# Predrag Danilovic



## Nikos (Jun 5, 2002)

What happened to him in the NBA?

He came briefly and proved to be a solid scorer for a solid Miami Heat team. True he was not a good defense and Pat Riley played those types more, but why did Danilovic not stay in Dallas and in the NBA in general?

Wasn't he a great LEGA and International player?


----------



## Matiz (Jun 5, 2003)

as far as I heard he was so pissed of on Heat management for trading him that he decided to return to europe... also he didn't like NBA system in general...


----------



## italianBBlover (Mar 5, 2003)

Sasha Danilovic has been one of the best european player of ever, for sure in the Top5 with Dino Meneghin, Sabonis etc.

He was a true winner, even if with a quite rough temper (like all the winners).

His historic "piece" ? the 4-point play vs.

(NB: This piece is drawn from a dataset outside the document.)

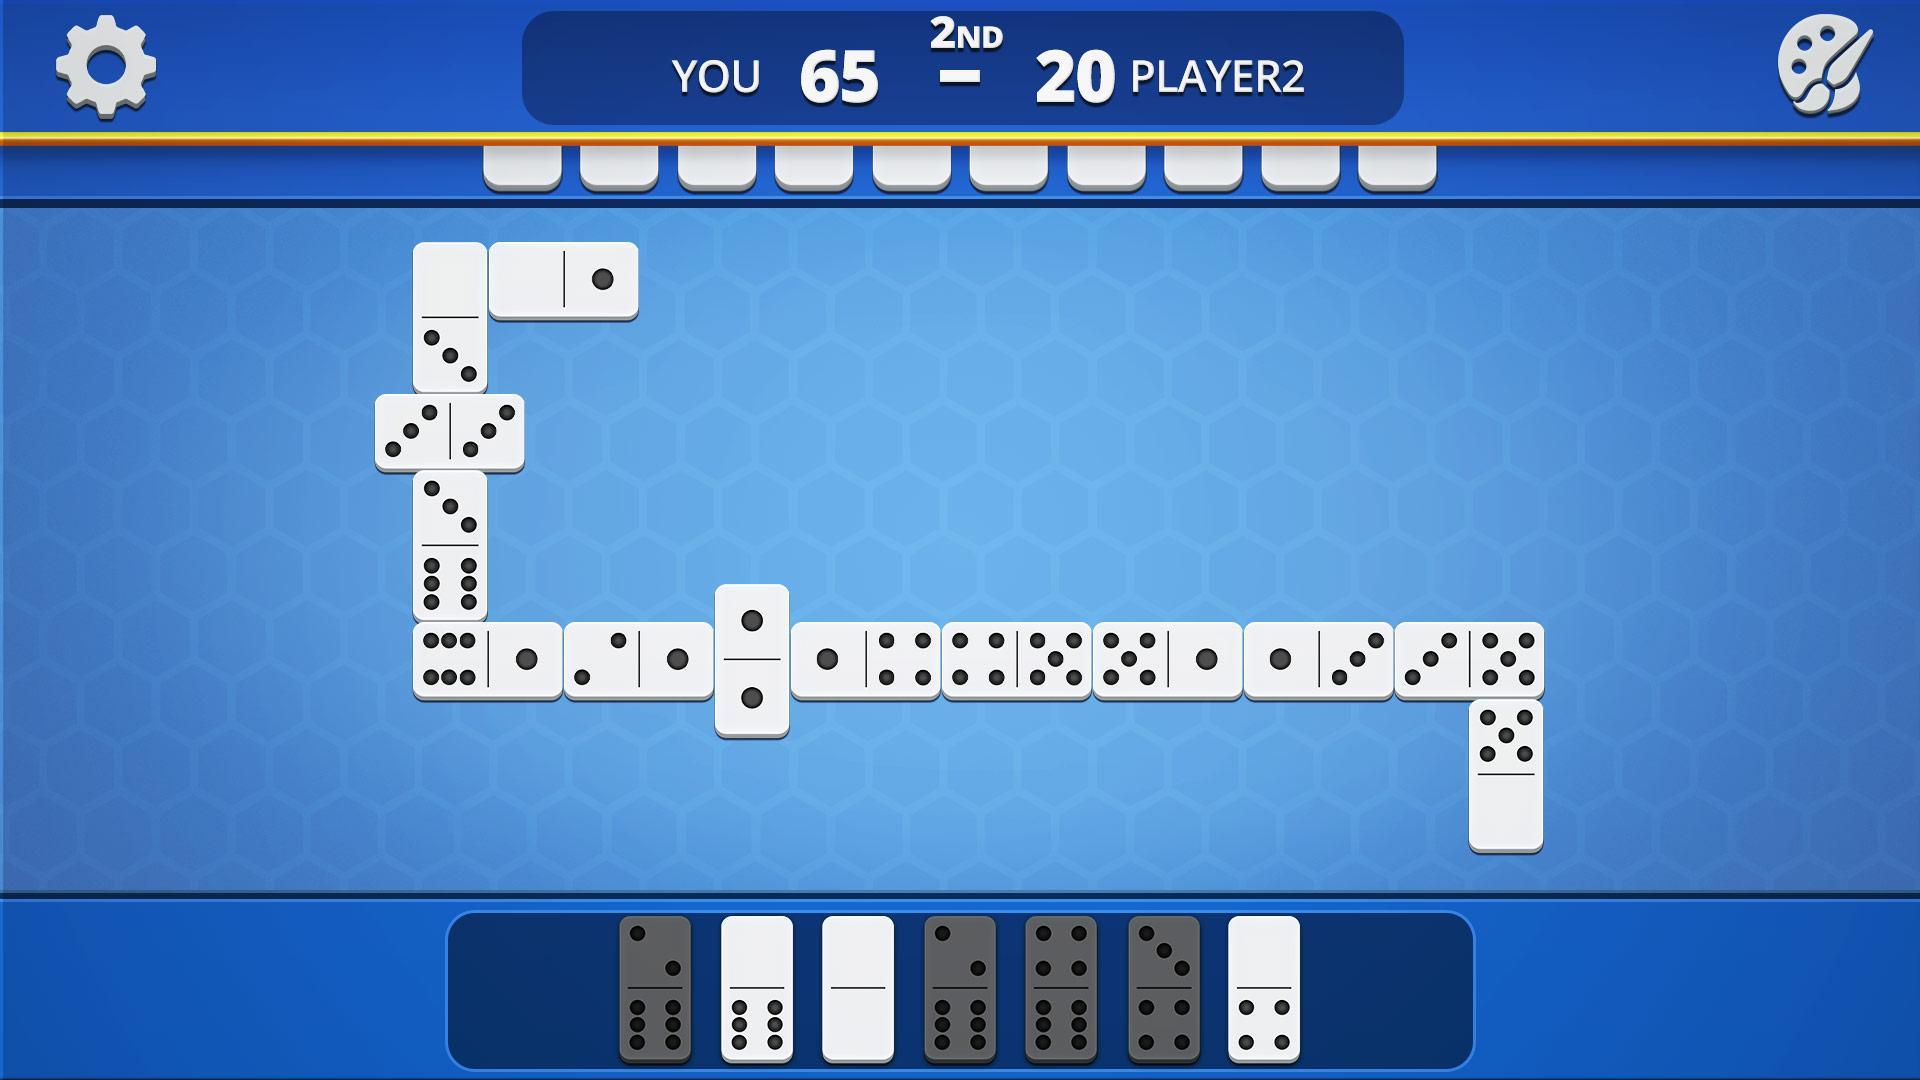 Dominoes Classic Domino Tile Based Game 1.2.5 Screenshot 15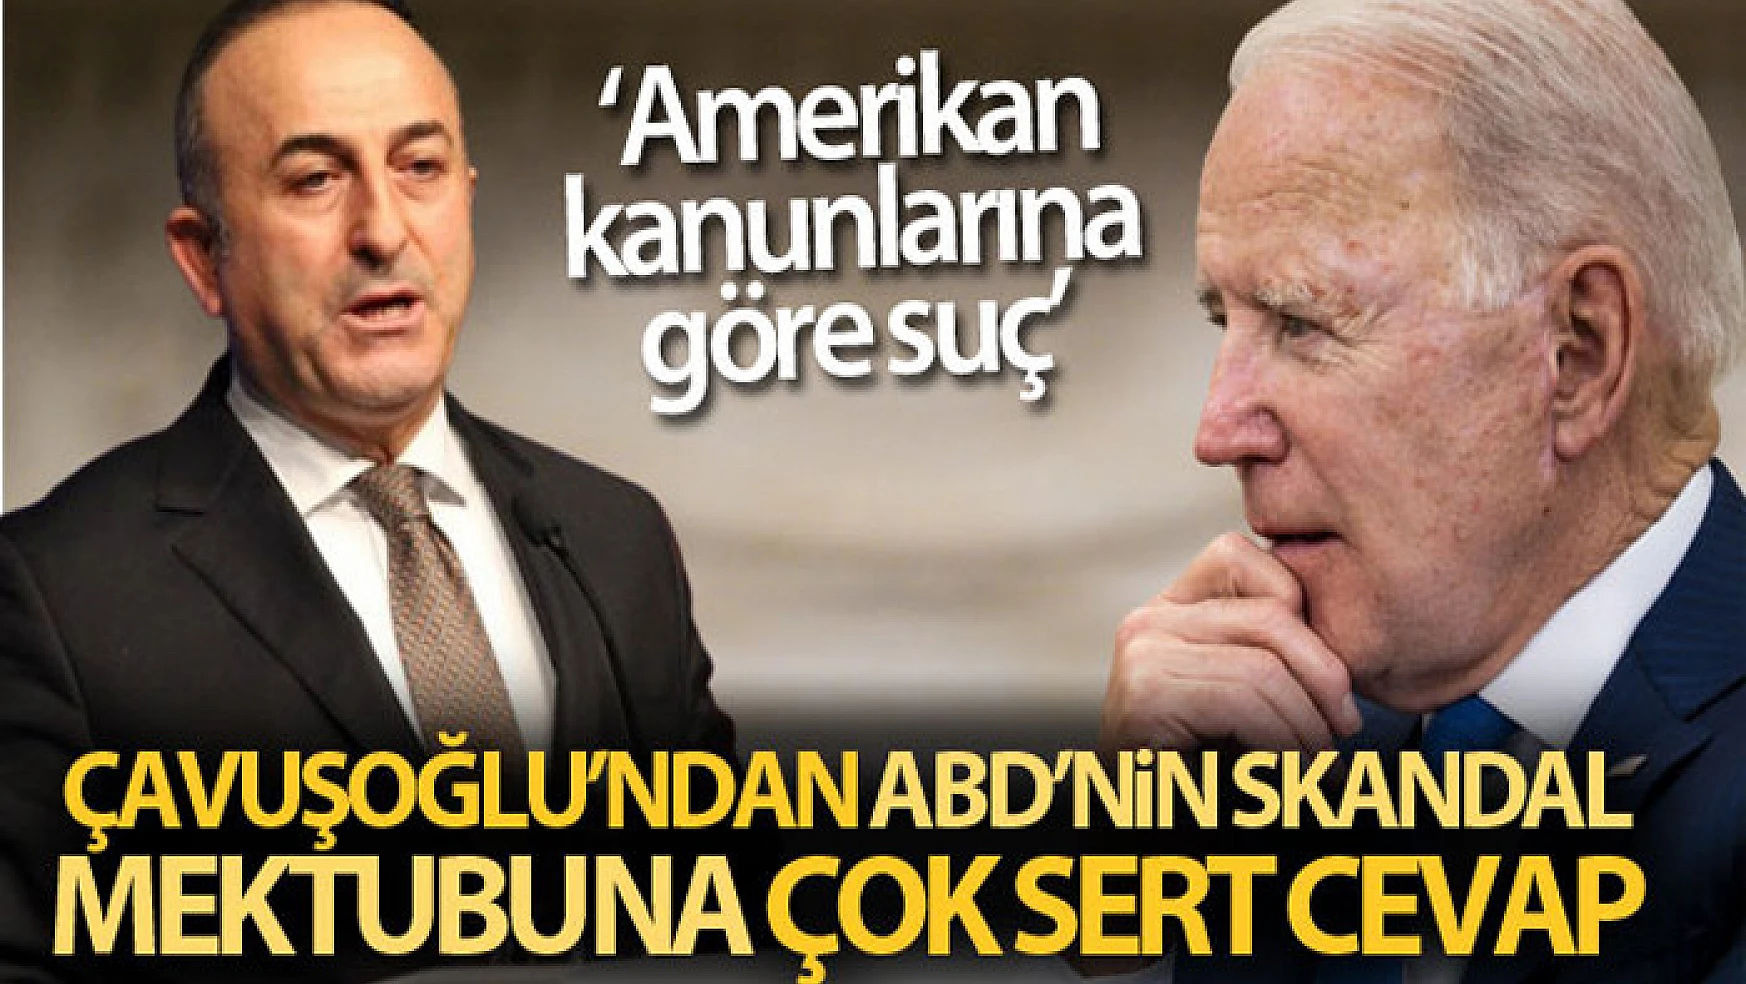 Dışişleri Bakanı Çavuşoğlu: ABD, Türkiye'yi suçlamak yerine kendi yanlış politikalarından vazgeçsin

Dominique Wilkins in the game 3 of Final 1997-98 Virtus Bologna-Fortitudo Bologna ...

http://www.italway.it/sport/sasha/Filmati/Il_tiro.mpg (914kb)
http://www.italway.it/sport/sasha/Filmati/Il_tiro_replay.mpg (1.13Mb)

In 1999 he made a advertising on the italian TV too :grinning: 

http://www.italway.it/sport/sasha/Filmati/kinder.mpg (2.7Mb)

Kid "my mummy says that with Kinder I grow well"
Danilovic, rising "yes, my too"


----------